彩は思わず、頭を下げ返していた。一瞬驚いたような表情になった尚輝は


「止めて下さいよ。先輩に謝られたら、俺、余計立場なくなっちゃうでしょ。」


「尚輝、でも・・・。」


「なんでこんなに想ってるのに、わかってもらえないんだって、思ったことがないなんて言わない。はっきり言って、何度も思ったよ。でもそれは・・・俺の一方的な気持ちだし、それが伝わらなくて、先輩を恨むのも筋違いってもんでしょ。俺は先輩を好きになったことを後悔はしません。それだけは、絶対にしねぇから・・・。」


そして、微笑む尚輝。その笑顔が痛ましくて、彩の表情は暗く沈む。


「ちょっと、振った先輩がなんでそんな悲しそうな顔してるんですか?泣きたいのは、振られた俺の方なんですよ。」


「尚輝・・・。
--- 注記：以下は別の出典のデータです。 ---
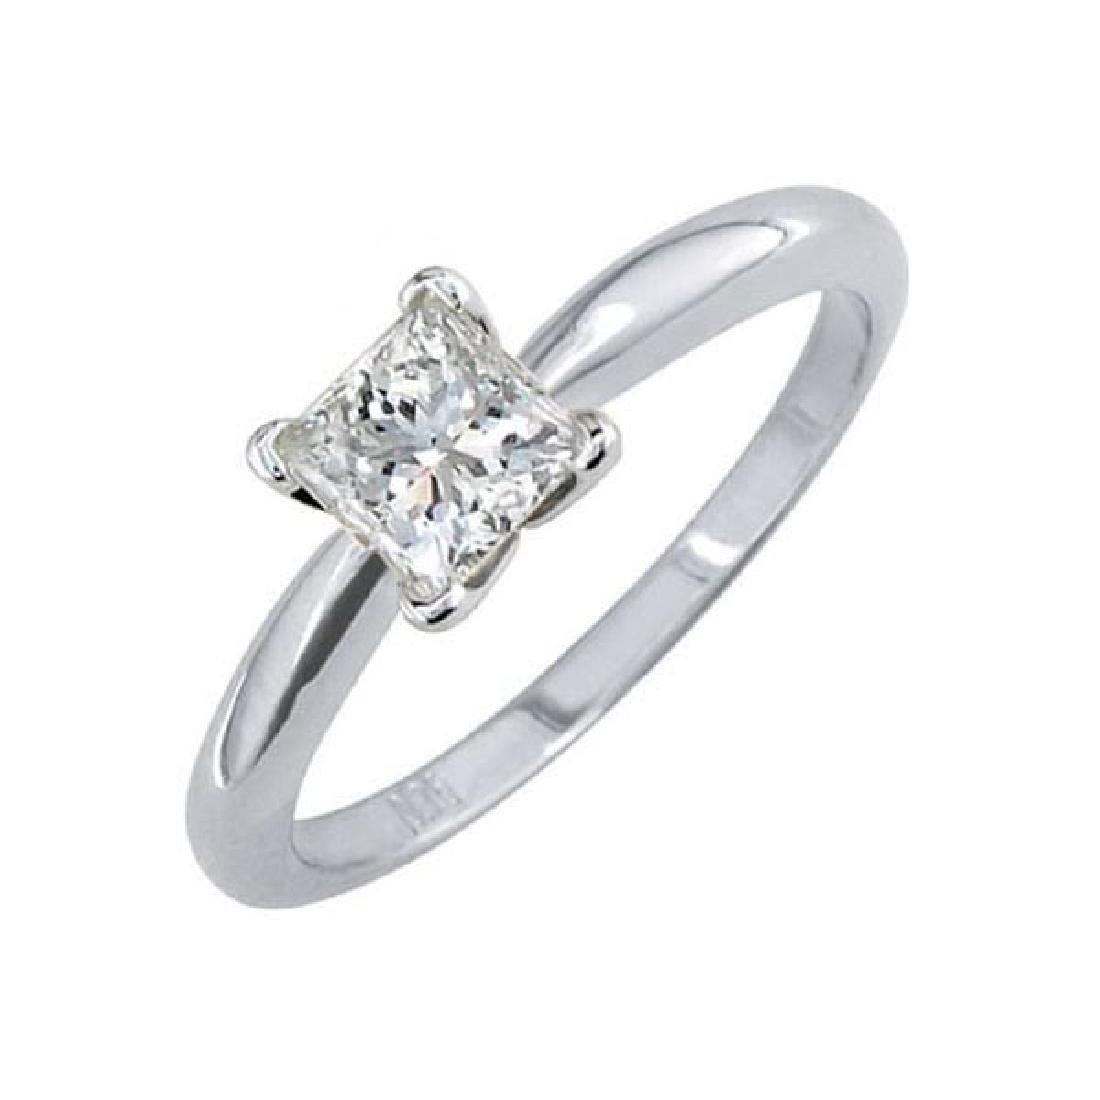 Certified 0.7 CTW Princess Diamond Solitaire 14k Ring D

」


「同情してくれるなら、その胸で思いっきり泣かせてください。」


ニヤッと笑った尚輝に


「調子に乗るな。そんなの無理に決まってんじゃん。」


と彩は言い返す。


「そうこなくっちゃ。それでこそ彩先輩だ、そうじゃなきゃ、調子狂っちゃう。」


「バカ・・・。」


その尚輝の言葉で、彩はようやく笑顔になった。


「やっと笑ってくれた。これで・・・俺もすっきりしました。じゃ、お先に失礼します。」


そう言って、回れ右して歩き出そうとする尚輝を


「尚輝、ちょっと待って。」


彩は呼び止めていた。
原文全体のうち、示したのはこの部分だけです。